А судьба неотвратима, а до сути не дошло.
По ступеням Таормина одиночество сошло.
И на щиколотке тонкой, претерпевшей тяжесть лет,
утешая, как ребенка, драгоценный пел браслет.
Но в сиреневой сарпинке, при своей льняной луне,
хороша, как на картинке, ты еще приснишься мне.
Соглядатай
…у горбуна есть преимущество сложности перед человеком с прямым позвоночником.
Б. Ахмадулина. Дневник 1962 г.
Была она чуть-чуть кокеткой.
Живой питон служил горжеткой.
Бродячий пес кормился с рук.
Был суетлив ее досуг.
Следя глазами за удодом,
в саду обедала с уродом,
за стопкой местного вина
обласкивая горбуна.
Удод был птицею пригожей,
в полете с бабочкою схожий.
Имел дятлоподобный клюв.
Она любила привкус клюкв,
развесистых в любой причуде,
и то, что пенилось в посуде,
и самовольство и размах
пошире, чем в моих стихах.
Я, соглядатай бледнолицый,
смотрю, как лакомится пиццей
приблудный пес, брезглив и дик.
А у нее и срыв, и тик,
и жаль ее ль, себя ли жальче,
и перстень иль нечистый пальчик
подманивает. Стыдно мне.
И бездна горечи в вине.
И забродил инжир на блюде.
И больше ничего не будет.
И мой вот-вот наступит срок,
бесспорный, как вина глоток.
Невольно с ней я разделила
инжир, лиловый, как чернила.
И к трезвой памяти приник
ее бредовый черновик.
Увы мне, в городской пустыне
я все еще трезва поныне,
и все никчемней мой досуг.
И пес не кормится из рук.
И общий градус жизни убыл.
И перстень закатился в угол.
Как охраняют твой покой
сады за огненной рекой?
Архив
N. N.
Стихи отмечены с друзьями перепалкой,
неистребимою проблемой долгостроя,
но обрываются на теме самой жалкой,
не замолчать ее: видна, как паранойя.
Вот вам все прелести общения с архивом,
на произвол судьбы оставленным хозяйкой.
Я не наследница! – скажу почти с надрывом, –
не архивистка, не подруга, не всезнайка!
Я не бездельница – посмертный том составлю
с подсказкой, с датами, с учтивым послесловьем.

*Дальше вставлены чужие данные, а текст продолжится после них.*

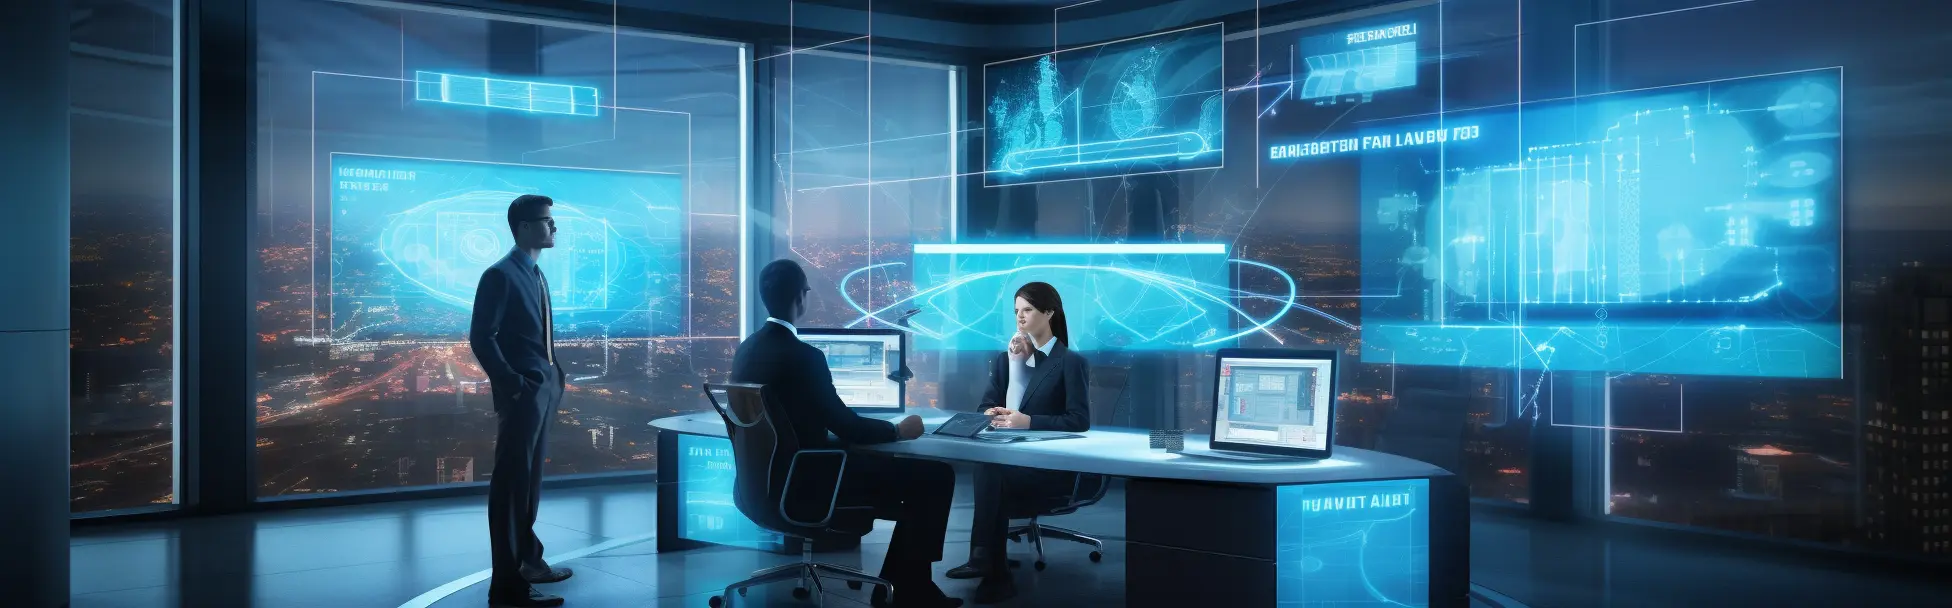 A high-tech digital consultation room with futuristic holographic displays showing various data visualizations. The room overlooks a sprawling cityscape at night, and includes three professionals: one standing and two seated at a modern desk, engaged in a strategic discussion.

Смолчу, где надобно, постыдной не ославлю
страстишкой, спрятанной под смертным изголовьем.
Часть третья. Проза
Воспоминанья зарифмую. Мемуарная повесть
Всё это, честно говоря, я пишу всё же как литератор, а не как человек, который зовет что-то обратно.
Юрий Олеша
Глава первая
Утро. С погодой – не совсем ясно. Все окна нашей с Ф. квартиры выходят в переулок и упираются в два неоднократно на нашем веку менявших свой облик дома. Тот, в котором жил главный редактор «Воплей» (журнал «Вопросы литературы») Лазарь Лазарев и в который наведывалась наша с Ф. подруга Таня Бек, кажет нам глухую когда-то часть боковой стены. К ней примыкает здание бывшего Минтяжмаша. Наш с Ф. дом «литературный». В тридцатые годы три этажа стойкого старинного подворья надстроили двумя этажами под кооператив драматургов. Знаменитости давно вывелись, и теперь литературу представляем только Ф. и я.

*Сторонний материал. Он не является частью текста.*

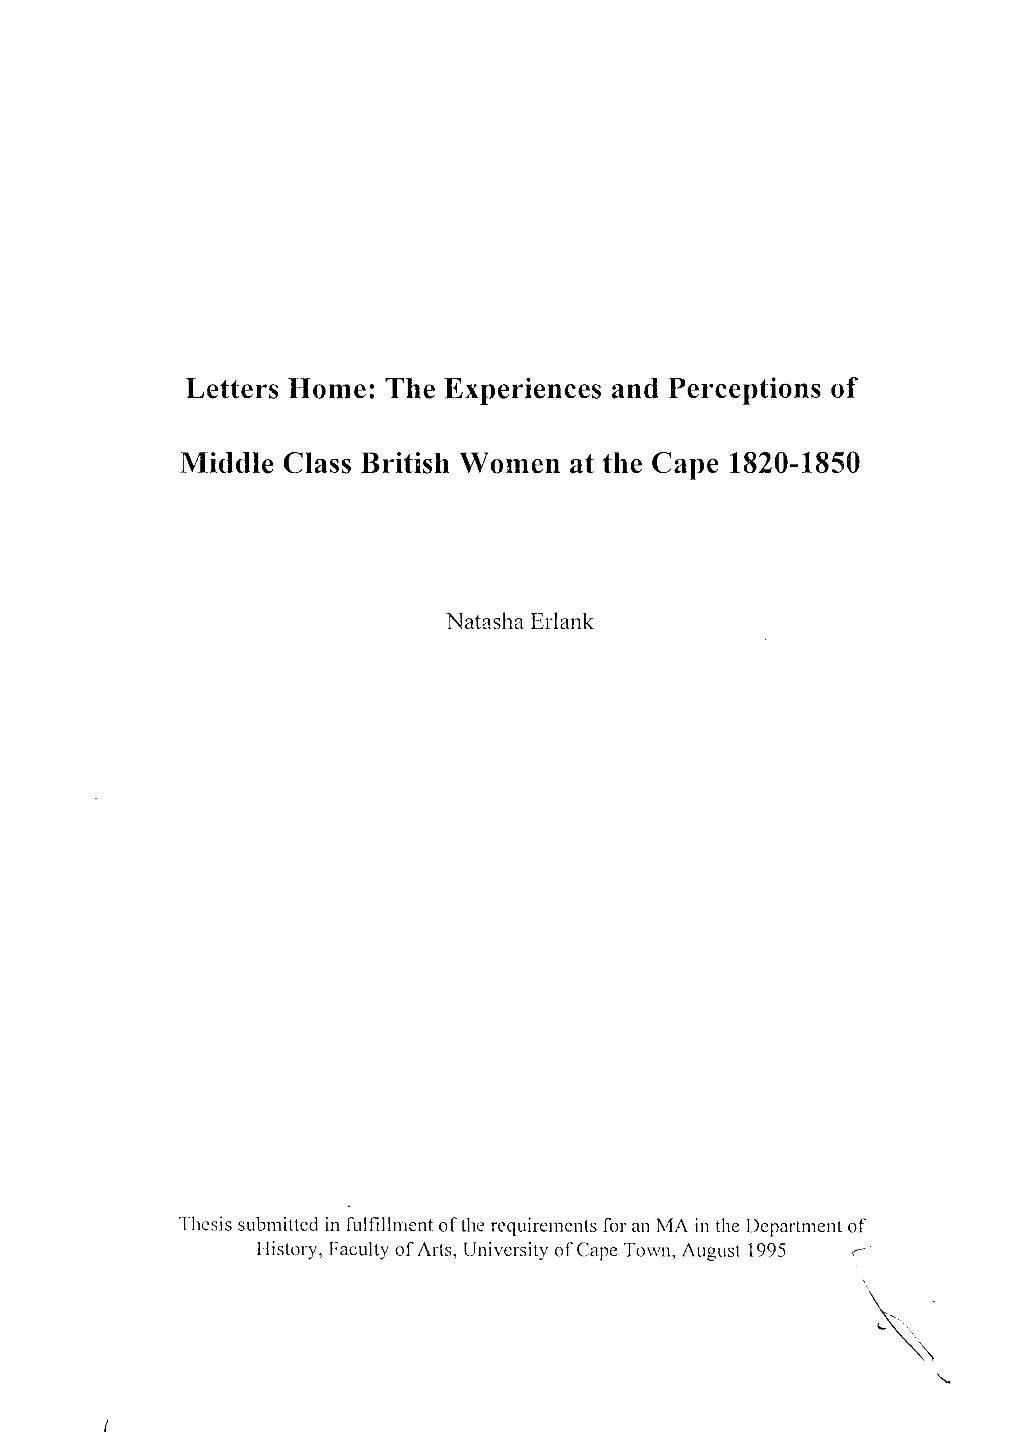 The Experiences and Perceptions of Middle Class British Women at The

Не то чтобы я прячу своего спутника за литерой. Так привыкла именовать в записных книжках. Пусть будет Ф. Мы сопутствуем друг другу много лет: в будущем году прозвенит немыслимая круглая дата. Не хочу озвучивать заранее.
Я много чего не хочу озвучивать по разным причинам. И за перо взялась с неохотой. Конечно, не за перо, а за комп. Всему виной карантин и фейсбук, на котором я имела неосторожность объявить о наличии у меня заполненных «мировою чепухою» (так говорил Блок) записных книжек. И даже описала некоторые экземпляры писчебумажных шедевров, подаренных знающими толк в красоте подругами.
Записные книжки, блокноты, рабочие тетради скопились с тех пор, как появилась московская крыша над головой. Систематические, хотя порой и бестолковые записи тянутся с 1980 года. Черные чернила случайных авторучек и наработанную ими с трудом отмывавшуюся мозоль на среднем пальце исчезли, уступив место любимому и долговечному темно-лиловому паркеру с кнопочной подачей стержня, черной пастой и золотой стрелкой-держателем. Он и сейчас со мной и естественным образом попал в стихи.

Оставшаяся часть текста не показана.